Dziewczyna tylko wzruszyła ramionami w odpowiedzi i ponownie się uśmiechnęła, po czym wróciła do rysowania w swoim szkicowniku.

-Dzieci, zrobiłam ciasto! Sans i Papyrus powinni niedługo przyjść! - krzyknęła z dołu Toriel, kiedy Frisk kończyła czynność kupowania gry.

-Idziemy! - odkrzyknęła Chara zbierając się z podłogi, po drodze złapała doniczkę, w której znajdował się Flowey.

Dziewczyny, uzbrojone w doniczkę z morderczym kwiatkiem, wyszły z pokoju i skierowały się w dół schodów. Kiedy były w połowie drogi Frisk usłyszała dzwonek.

-Otworzę! - oznajmiła i puściła się biegiem w stronę przedsionka wpadając po drodze na Asgore'a.

Otworzyła ciężkie, drewniane drzwi i wyszczerzyła się radośnie widząc przed sobą dwa znajome szkielety.

-LUDZIU, JAK MIŁO CIE ZNOWU WIDZIEĆ! JA, NAJWSPANIALSZY PAPYRUS, STĘSKNIŁEM SIĘ ZA TOBĄ. - wykrzyczał wyższy.

Frisk skrzywiła się lekko kiedy porwał ją w ramiona.

Jego czerwony szalik z jakiegoś powodu trzepotał na nieistniejącym wietrze, a 'bitewne ciało' wyglądało na wypolerowane.

-sup frisk. - powiedział Sans, mierzwiąc jej włosy.

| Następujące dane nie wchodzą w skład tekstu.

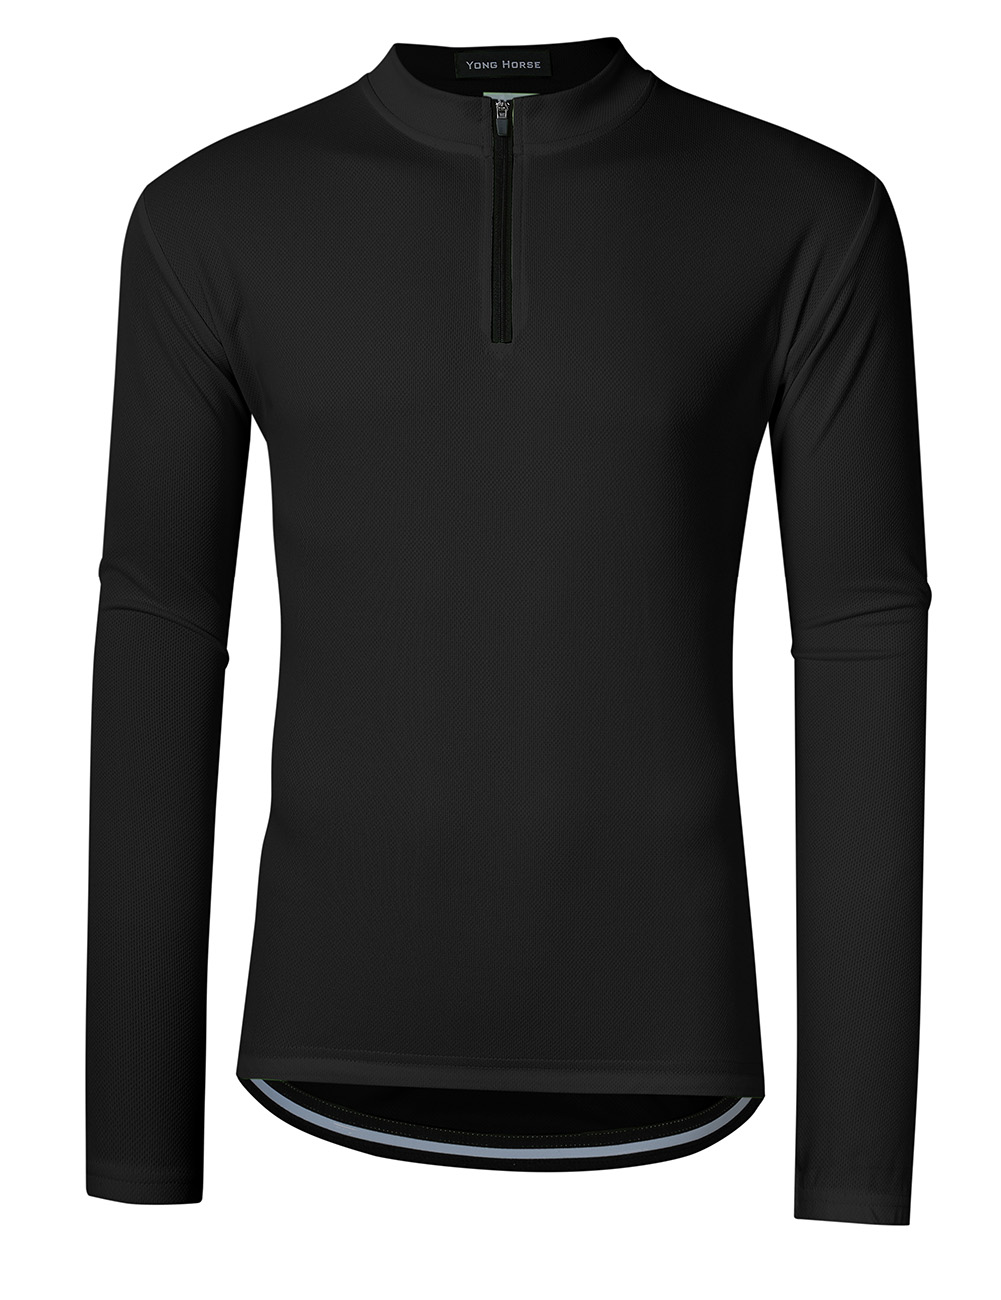 Download Men's Long Sleeve Cycling Jersey Quick Dry Bike Biking Shirt Sports Tops Black S | eBay
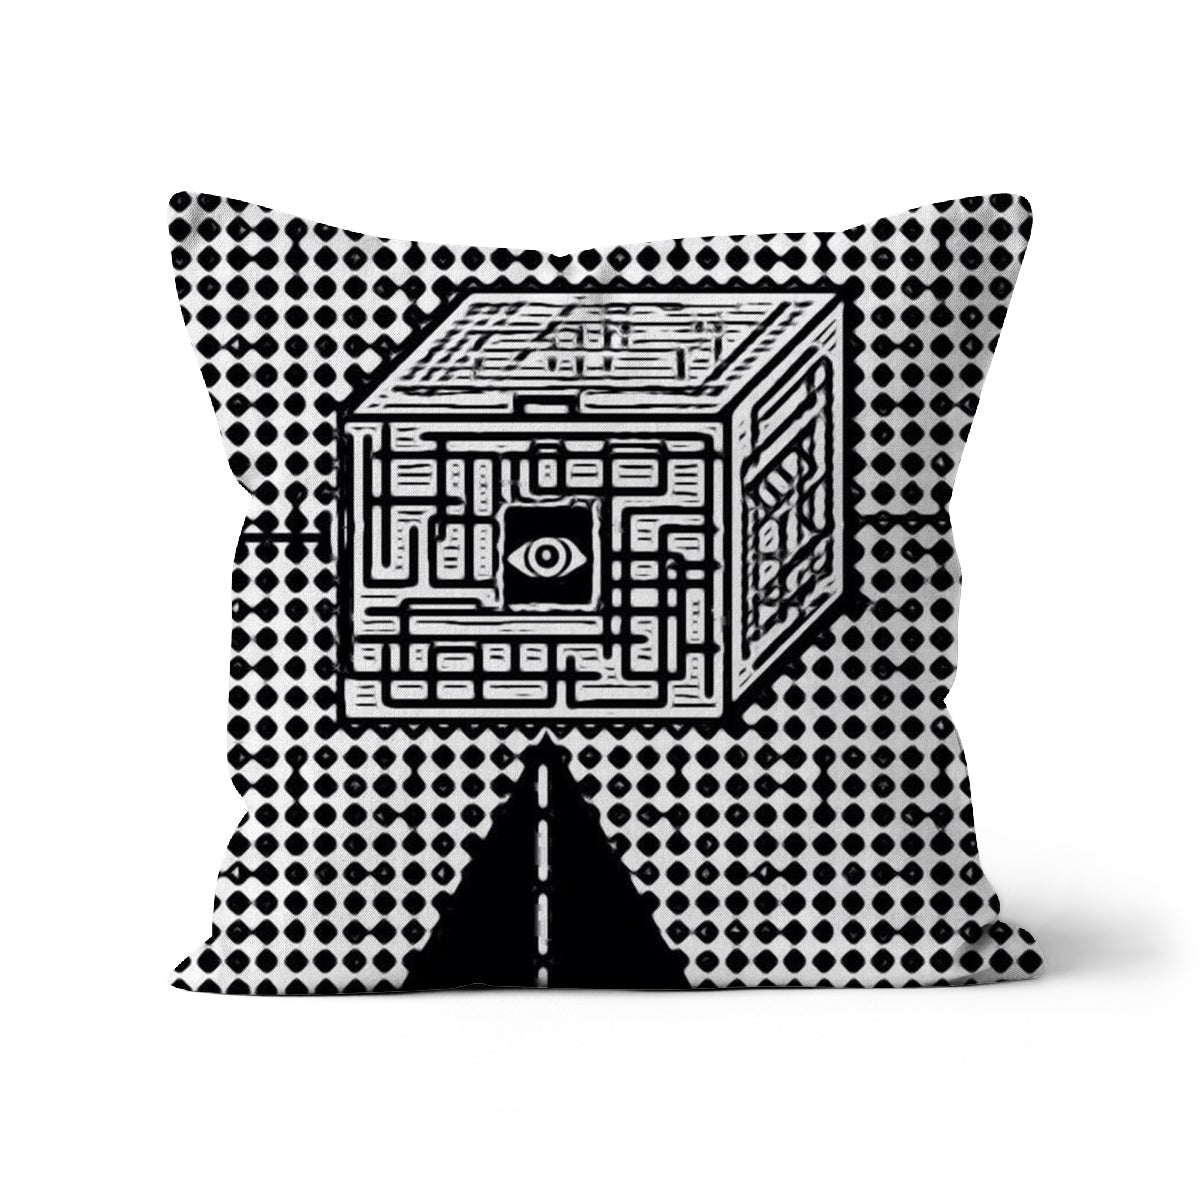 The Cube Cushion

Dziewczyna, która była już jego wzrostu, uśmiechnęła się jeszcze szerzej.

Cała trójka skierowała się do salonu, gdzie przebywali Toriel, Asgore, Chara i Flowey.

Królowa i król potworów byli ogromnymi, humanoidalnymi kozami z czerwonymi oczami i miłym w dotyku, białym futrem. Flowey był za to małym, żółtym kwiatkiem pozbawionym duszy, dosłownie.

-WITAJCIE ASGORE I KLONIE ASGORE'A, FLOWEY, CHARA. MIŁO MI WAS WSZYSTKICH ZNOWU WIDZIEĆ.

-cześć wszystkim, siemka chwaście.

Kwiat zasyczał na Sansa, co tylko spowodowało, że szkielet zaczął się śmiać.

Wszyscy zasiedli przy ogromnym stole jedząc przepyszny obiad przygotowany przez Toriel. Ona i Sans, okazjonalnie też Frisk i Chara, żartowali sobie ku niezadowoleniu Papyrusa.

-Wiecie co z Charą dzisiaj znalazłyśmy? - powiedziała nagle drobniejsza z rodzeństwa.

-nie trzymaj nas w niepewności frisky.

-Grę, która nazywa się "UNDERTALE". I jest o nas!

-uch, co?

-Znalazłam to ostatnio jak szukałam czegoś w internecie. - wyjaśniła nastolatka w zielonym sweterku. - Frisk ją kupiła zanim przyszliście.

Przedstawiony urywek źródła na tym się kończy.